UAE: Dubai plans new free trade zone to offer 100% foreign ownership
State-developer Dubai South said it aimed to spend Dh2bln to build an e-commerce free trade zone offering foreign firms 100% ownership. Foreigners operating outside of free trade zones in Dubai and the wider United Arab Emirates can usually only hold a maximum 49% stake, with UAE nationals holding the rest. The new 920,000 square metre trade zone, known as EZDubai, aimed to attract e-commerce, logistics and other related industries, the developer said, adding that construction was expected to start in 2019. Dubai is already the headquarters of the region’s largest e-commerce company, Souq.com, which was bought by Amazon in 2017. It is also home to noon.com, an online shopping site set up by Dubai billionaire Mohammad Alabbar.

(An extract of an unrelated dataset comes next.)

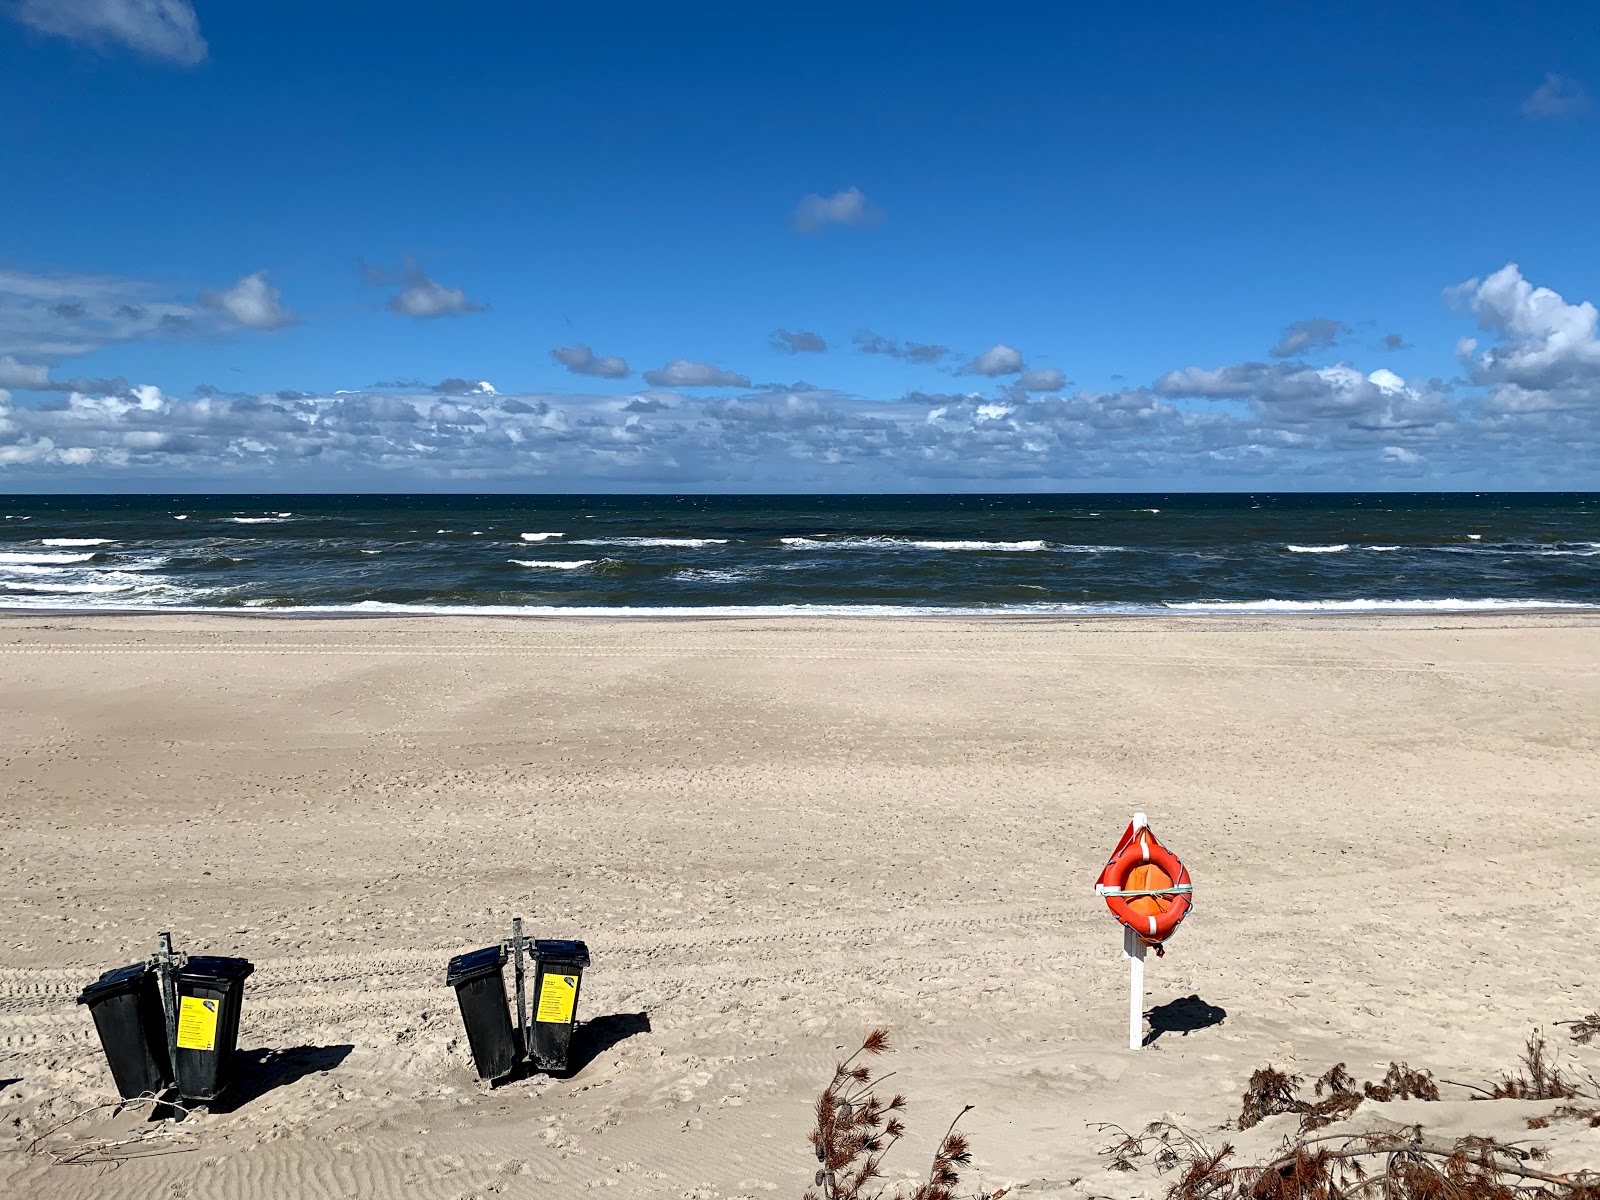 Photo de Sidselbjerg Beach - endroit populaire parmi les connaisseurs de la détente

Poland: Maxima Grupė completes merger of Stokrotka and Sano retail chains
Lithuanian retailer Maxima Grupė has announced that it has completed the merger of the Stokrotka and Sano retail chains in Poland. In December of last year, Maxima Grupė's Stokrotka banner acquired 100% shares of Sano from Miglione Investments Limited, based in Cyprus. As a part of the merger, which was completed on 1 February, Sano stores will be rebranded to Stokrotka by the first half of this year. Chief executive of Maxima Grupė, Dalius Misiūnas, said: “We chose the Stokrotka brand for this chain because it’s a well-known name that customers like which has solid positions in the near-home store segment. Now we’ll start a new phase of operations in Poland where we will focus most on improving how we work and opening new stores.” Currently, 36 stores operate under the Sano banner in the north-western part of Poland.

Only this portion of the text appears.